When he finally sat down, he leaned his tall frame over to speak to a neighbor and his movement revealed a short, middle-aged man in the seat behind him.

“Who's that?” I asked Dai Shi, another note taker sitting beside me.

“Chen Bo-da,” she whispered. “He is one of Chairman Mao's chief secretaries. Now be quiet. I think he is going to speak.”

“Did we invite him? When did he come in?” I turned to ask Ma Li, who was sitting behind Dai Shi.

“No, we didn't. But he likes to play the inspector-general incognito.”

“Comrades, I find the meeting most interesting. Everybody speaks out what is on his mind. May I do the same?” The newcomer spoke modestly, but I couldn't help thinking it was a bit forced. He must have known that most people in the room knew who he was. “I personally believe that if a writer takes a firm Party or pro-Party stand, he will produce a better book or play.” Then he praised Mao Dun's
Midnight
as the most effective satire in modern Chinese
literature directed against the bourgeoisie. “Comrade Mao Dun, will you tell us how you wrote that novel?” It was a shrewd move.
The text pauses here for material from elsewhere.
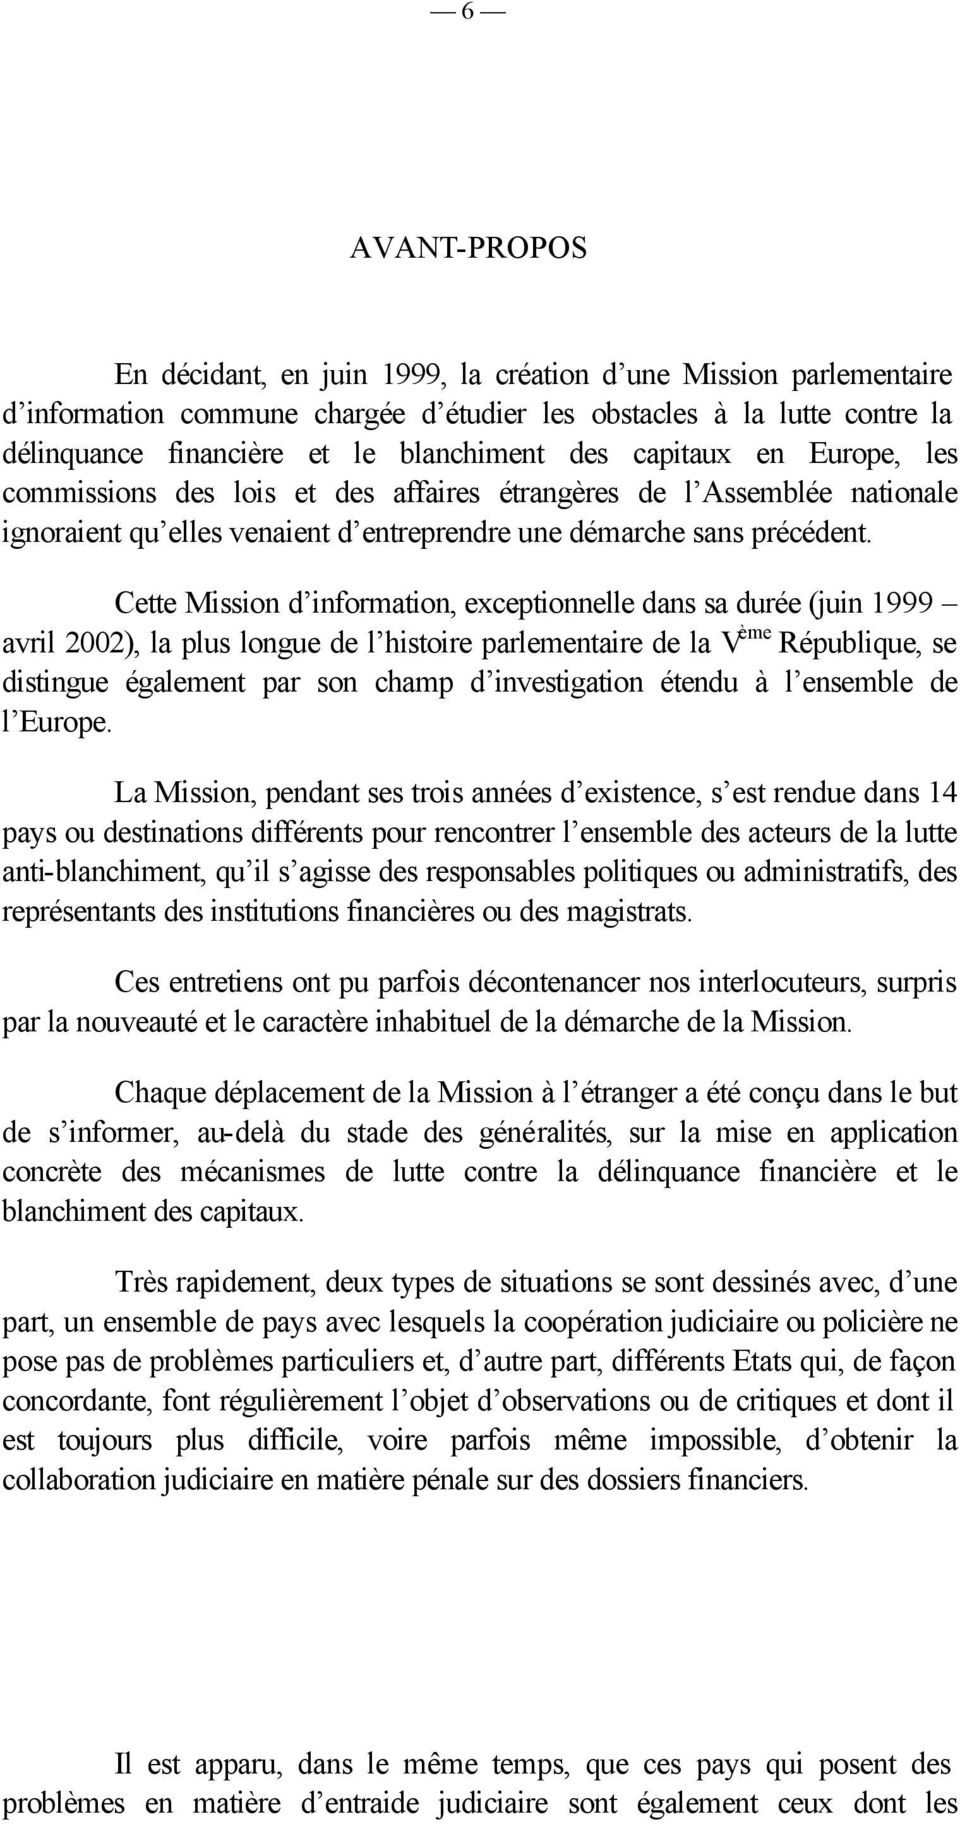 Cette Mission d information, exceptionnelle dans sa durée (juin 1999 avril 2002), la plus longue de l histoire parlementaire de la V ème République, se distingue également par son champ d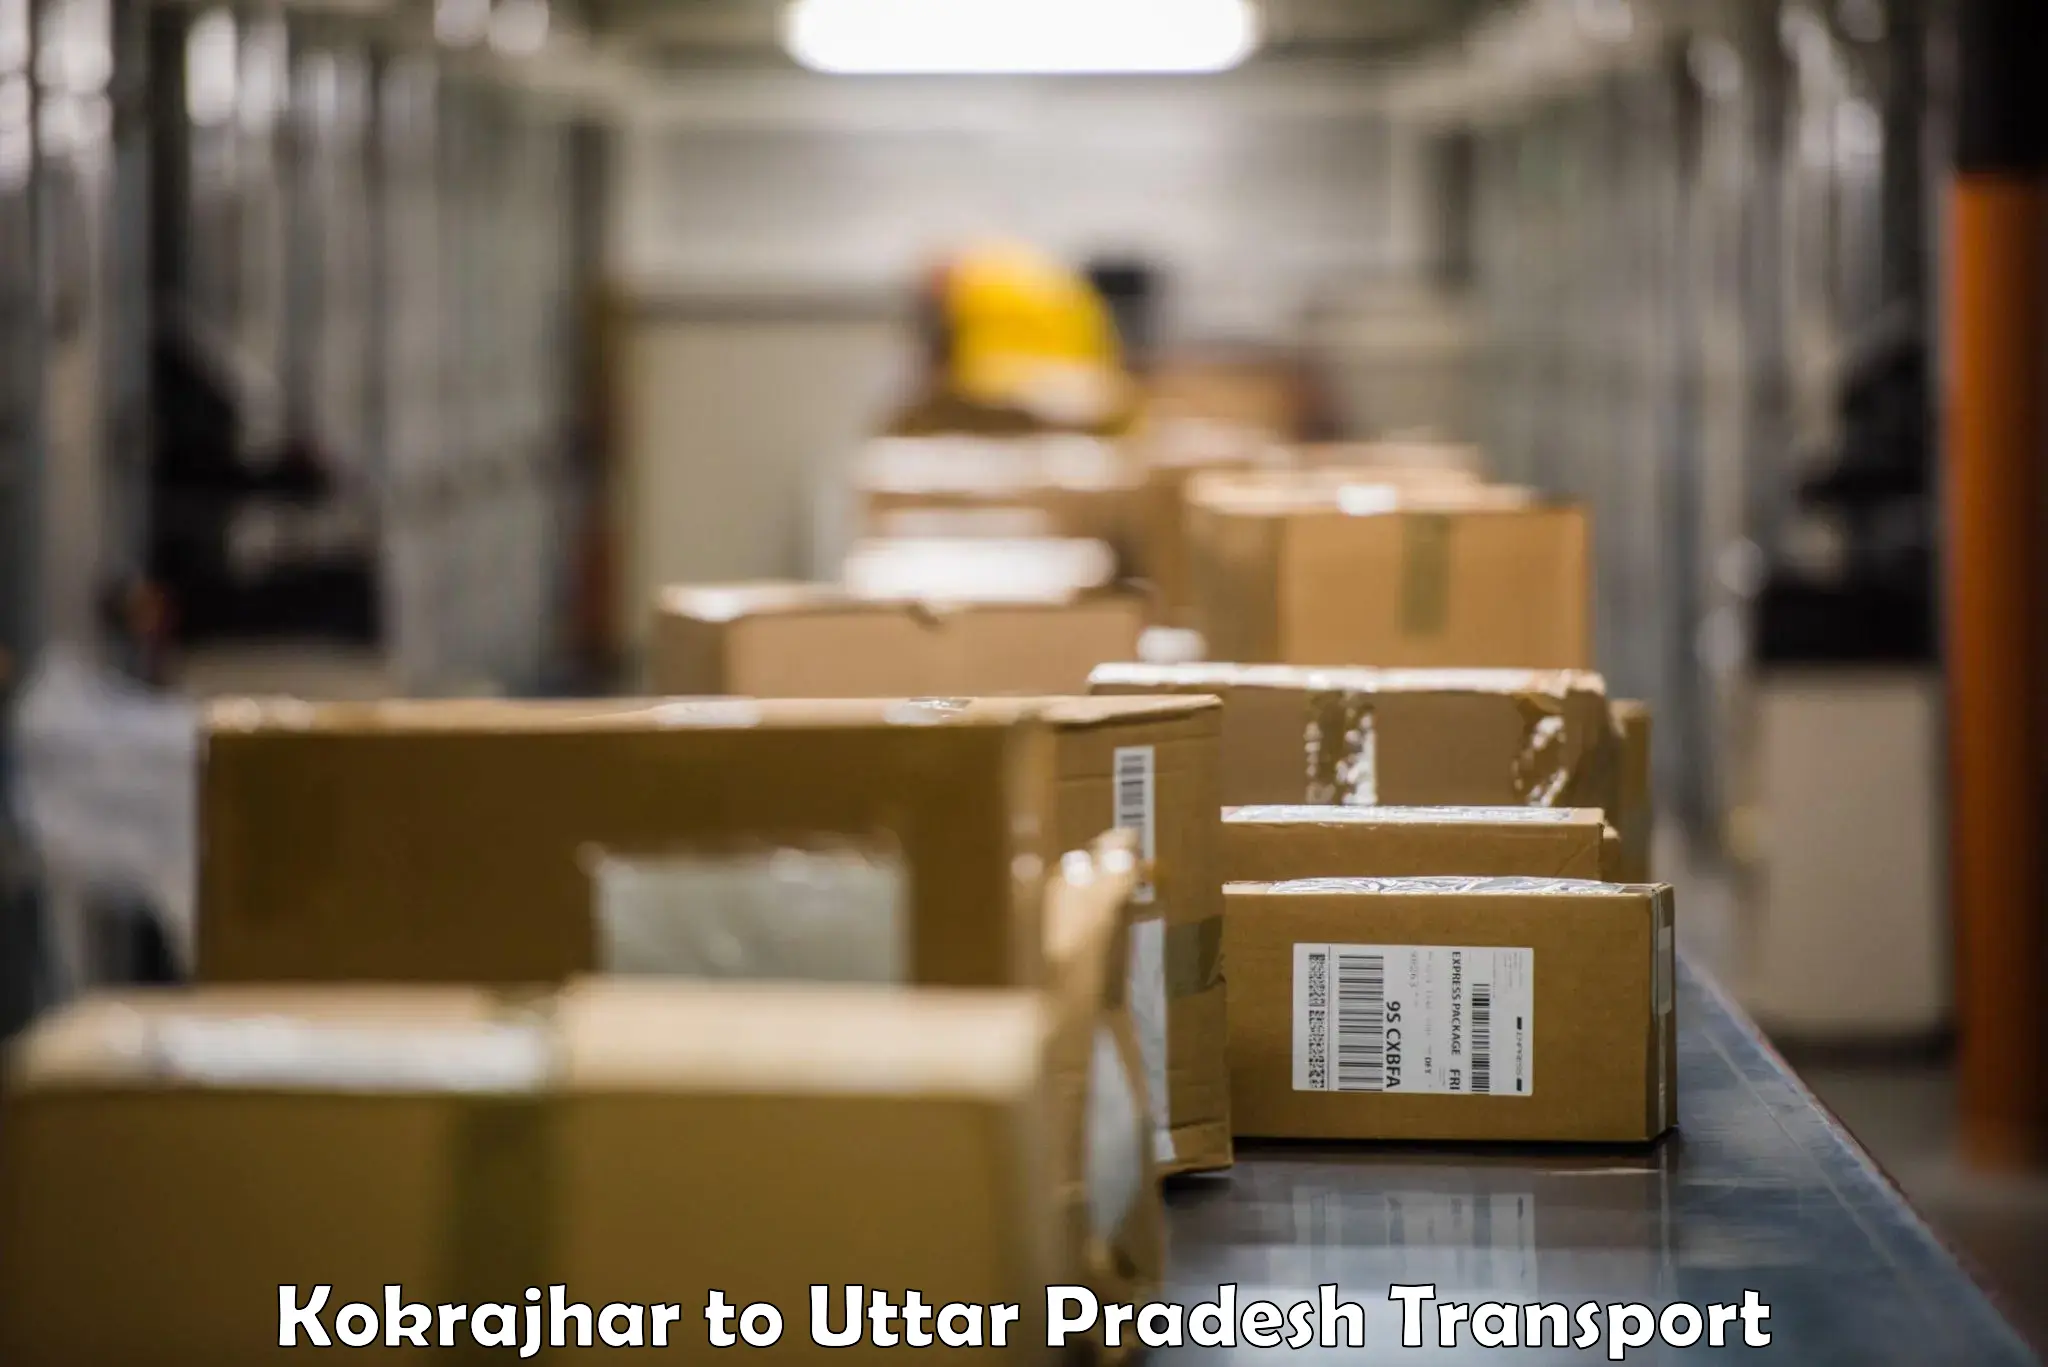 Cargo transportation services Kokrajhar to Faridpur

Mao Dun was a formidable figure among Chinese intellectuals. It would be quite useful to set him up as a revolutionary proletarian writer.

Mao Dun rose slowly and stood for a moment as if debating with himself. With a smile on his elfish face, he declined the role assigned him and said, “I must be frank. I was hard up at the time. I borrowed money from a friend and tried my luck on the Shanghai stock exchange. I lost every cent I had and was worse off than before. When a publisher suggested I do a book about the business world and pay off my debts that way, that's exactly what I did!”